The root of our financial crisis is that for much of the past three decades, we have implemented very bad economic ideas. Obama seems at the very same time to get this and not get it. The question, he said in his inaugural address, is not whether the market is a force for good or ill. He noted that "without a watchful eye, the market can spin out of control" and that "the nation cannot prosper long when it favors only the prosperous."

Nonetheless, he keeps telling congressional Republicans that he will work with them -- even though they are among the chief architects of this disaster. Since the Reagan era, Republicans have put tax cuts ahead of all other economic policies, and deregulation a close second. They have stuffed wallets that already were plump, left the broad middle class staggering and allowed the working class to become the working poor.

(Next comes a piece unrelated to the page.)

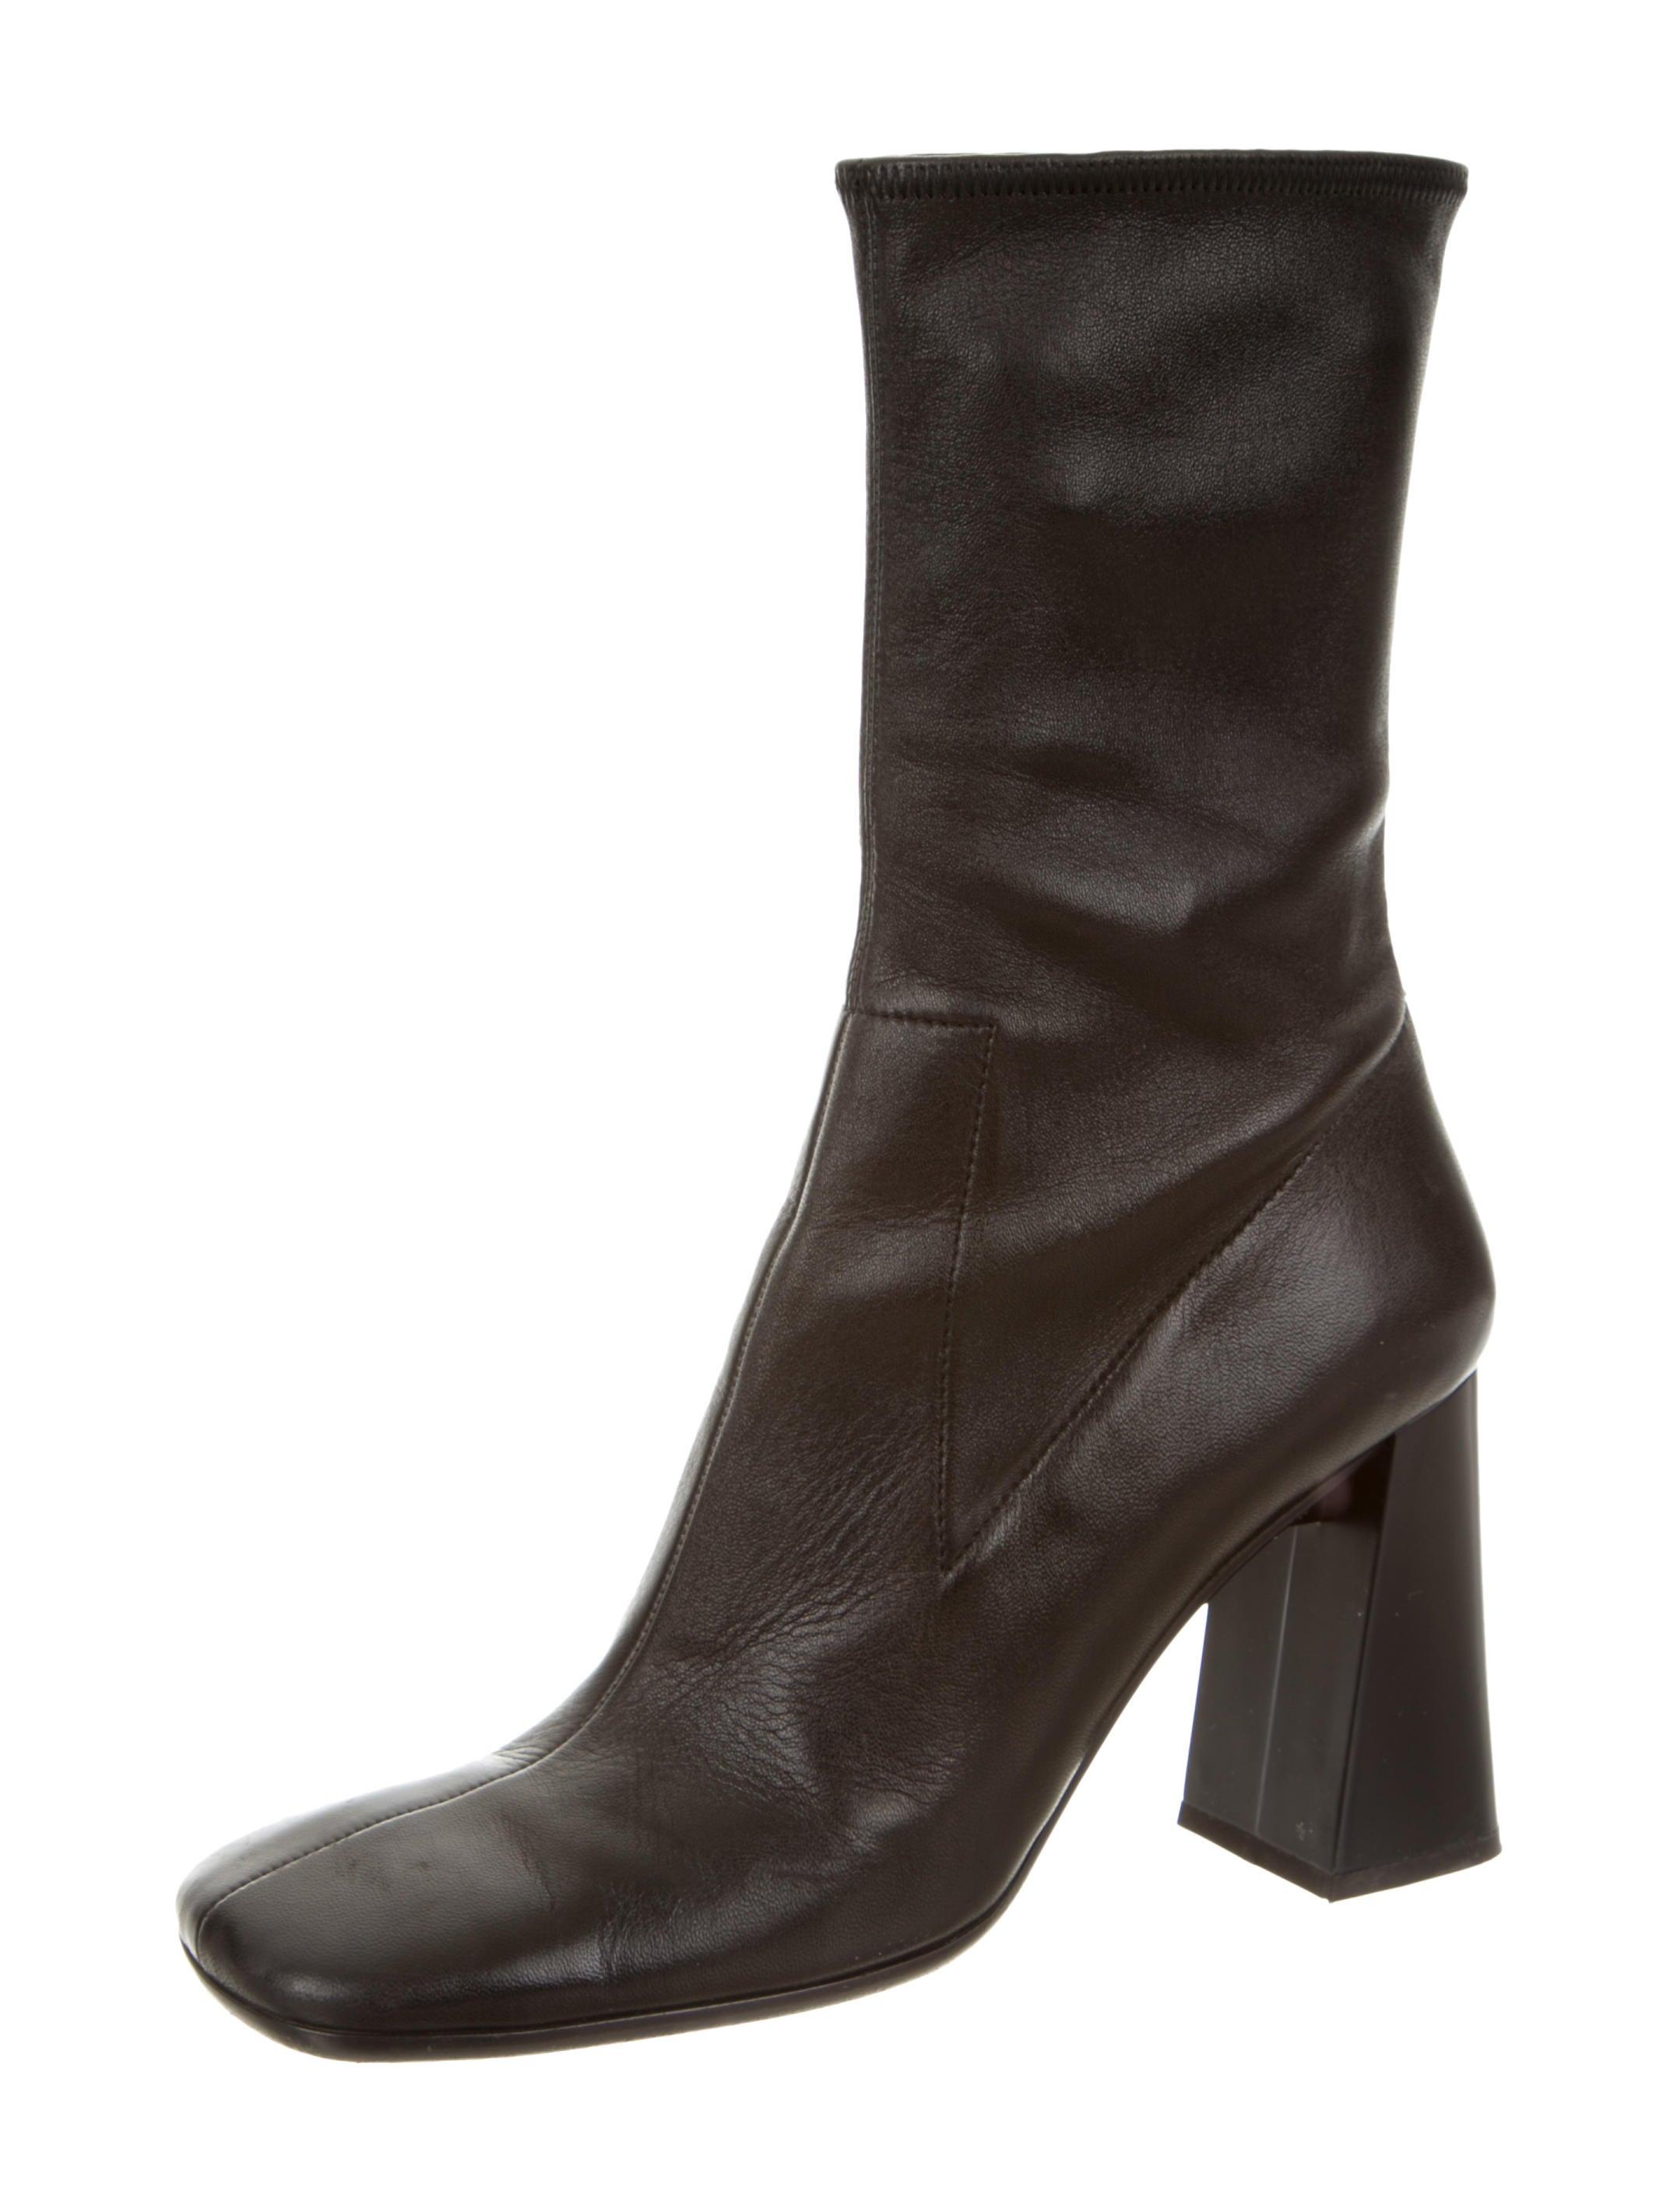 prada leather square toe ankle boots shoes pra92397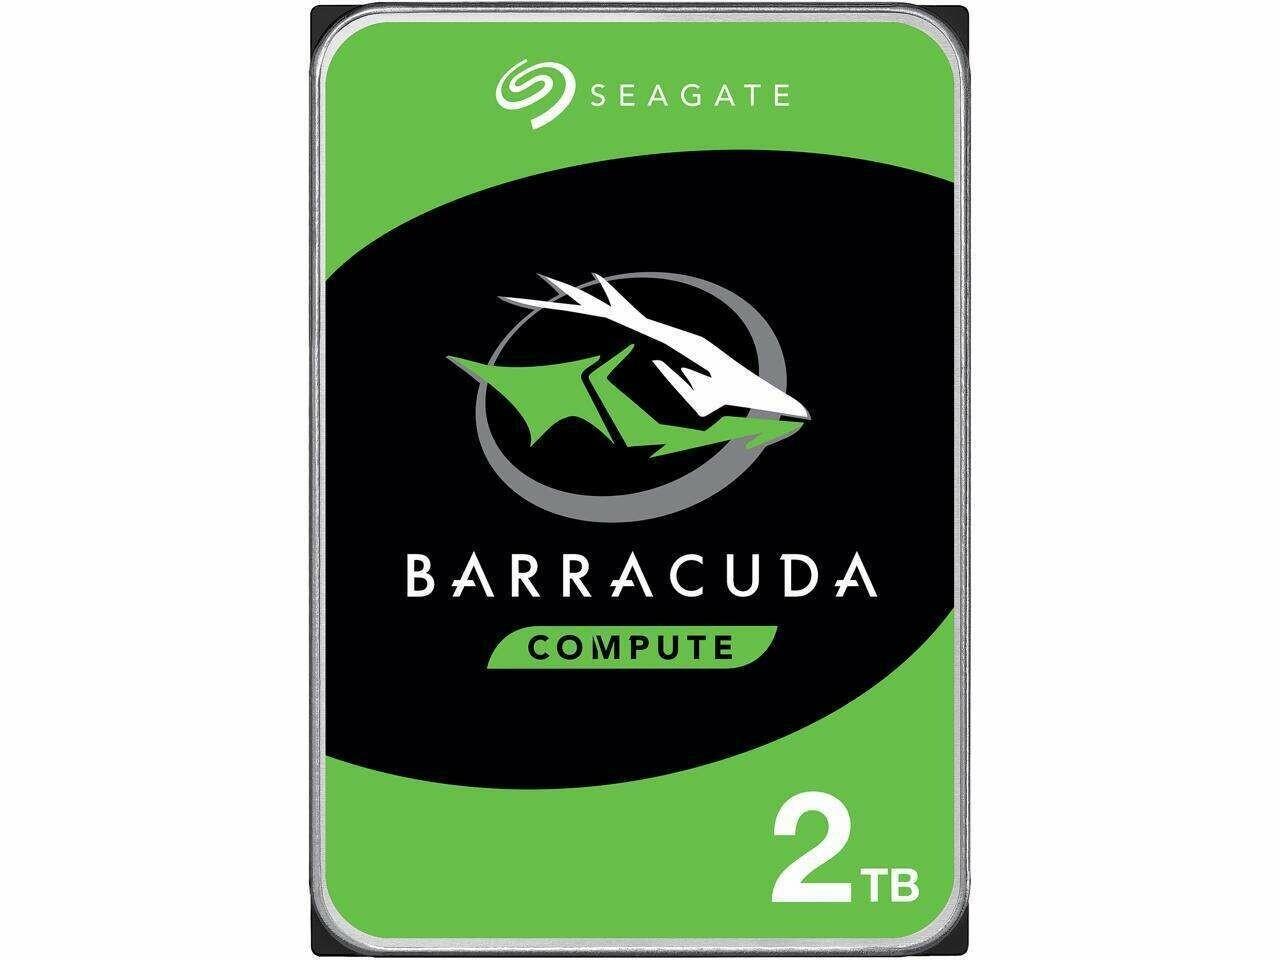 "Seagate BarraCuda ST2000DM008 2TB 7200 RPM 256MB Cache SATA 6.0Gb/s 3.5"" Hard Drive"

If these politicians that Obama so fervently wishes to engage have such good ideas to offer, why have they not done so? In fact, there are few Washington traditions as annoying as the cultish worship of bipartisanship, for it ignores the simple fact that sometimes one party gets things disastrously wrong.

Another is the mantra that "entitlements" -- that is Social Security, Medicare and Medicaid -- are costly, bloated and threaten the nation's economic future. Obama already has pledged to undertake "entitlement reform," a phrase that sends a shudder down my spine. With banks and other financial institutions now "entitled" to hundreds of billions in public money to bail them out of disastrous decisions, it is impossible to see why taxpayers who have paid for their future benefits through their payroll taxes should not be "entitled" to receive them. Besides, since there is no immediate crisis in Medicare -- and certainly not in the healthier Social Security program -- there isn't even a reason to mention this right now.